Let E be a RWE given by $\alpha \doteq \beta $. Let $\alpha ^{\prime },\beta ^{\prime }$ be the shortest non-empty prefixes of α, β respectively such that ${var}(\alpha ^{\prime }) \cap {qv}(E) = {var}(\beta ^{\prime }) \cap {qv}(E)$. Let $E^{\prime }$ be the equation given by $\pi _{{qv}(E)}(\alpha ^{\prime }) \doteq \pi _{{qv}(E)}(\beta ^{\prime })$. Then $E^{\prime }$ is basic, and ${\mathscr{G}}^{\Rightarrow }_{[E^{\prime }]}$ is isomorphic to an isolated path compression of order |E| of ${\mathscr{G}}^{\Rightarrow }_{[E]}$.

Proof

Let $S = {qv}(\alpha ^{\prime } \doteq \beta ^{\prime })$. Firstly, we shall show that $\alpha ^{\prime } \doteq \beta ^{\prime }$ is indecomposable. Suppose for contradiction that $\alpha ^{\prime } \doteq \beta ^{\prime }$ is decomposable.

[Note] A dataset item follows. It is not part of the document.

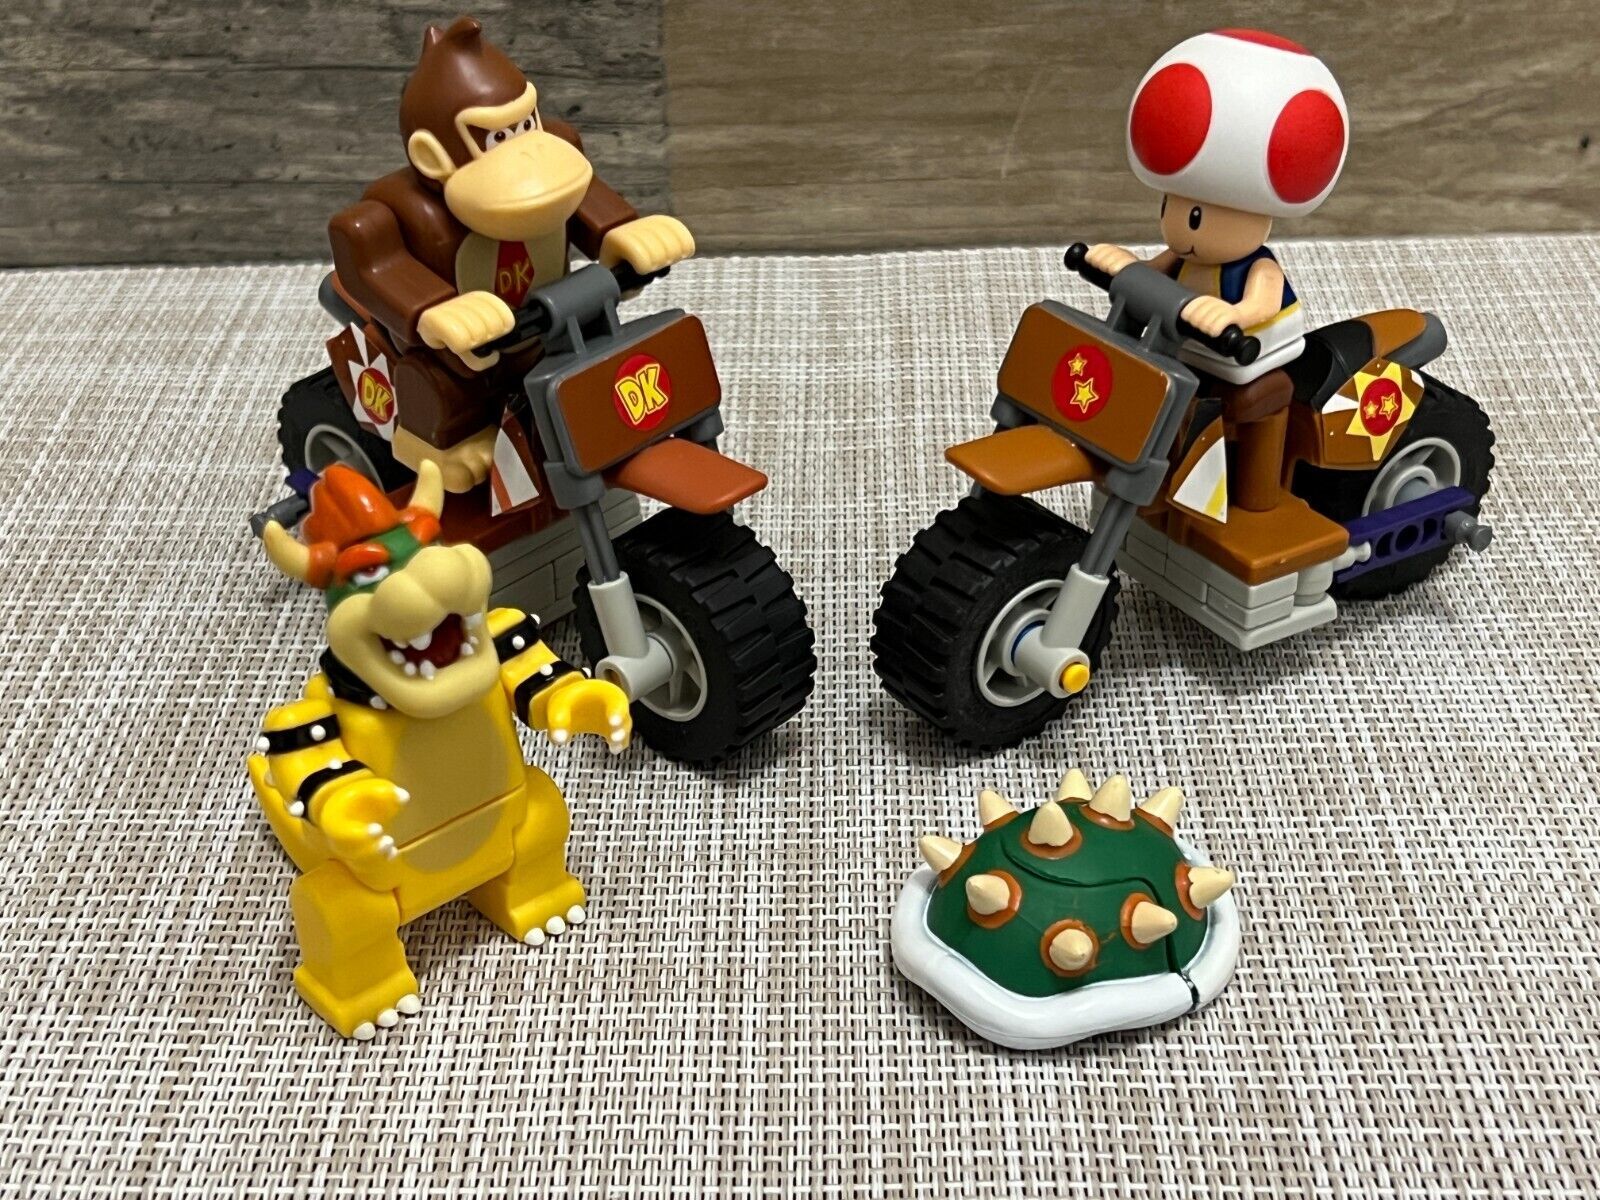 K'NEX Super Mario Bros. Bowser Toad DK Shell & Motorcycles Nintendo Minifigures - $23.21

Then there exist proper prefixes $\alpha ^{\prime \prime }, \beta ^{\prime \prime }$ of $\alpha ^{\prime }$ and $\beta ^{\prime }$ respectively such that ${var}(\alpha ^{\prime \prime }) \cap S = {var}(\beta ^{\prime \prime }) \cap S$. Then $\alpha ^{\prime \prime }$ and $\beta ^{\prime \prime }$ are proper prefixes of α and β, and since they are shorter than $\alpha ^{\prime }$ and $\beta ^{\prime }$, by our assumptions about $\alpha ^{\prime }$ and $\beta ^{\prime }$, we cannot have that ${var}(\alpha ^{\prime \prime }) \cap {qv}(E) = {var}(\beta ^{\prime \prime }) \cap {qv}(E)$. Consequently, either there exists $x \in {var}(\alpha ^{\prime \prime }) \cap {qv}(E)$ such that $ x\notin {var}(\beta ^{\prime \prime }) \cap {qv}(E)$ or there exists $x \in {var}(\beta ^{\prime \prime }) \cap {qv}(E)$ such that $x \notin {var}(\alpha ^{\prime \prime }) \cap {qv}(E)$. W.l.o.g. suppose the former is true. Then $x \notin {var}(\beta ^{\prime \prime })$, but since x ∈ qv(E), it follows from ${var}(\alpha ^{\prime }) \cap {qv}(E) = {var}(\beta ^{\prime }) \cap {qv}(E)$ that $x \in {var}(\beta ^{\prime })$. However, this implies that x ∈ S, and since $x \in {var}(\alpha ^{\prime \prime })$ but $x\notin {var}(\beta ^{\prime \prime })$, we arrive at a contradiction to our assumption that ${var}(\alpha ^{\prime \prime }) \cap S = {var}(\beta ^{\prime \prime }) \cap S$.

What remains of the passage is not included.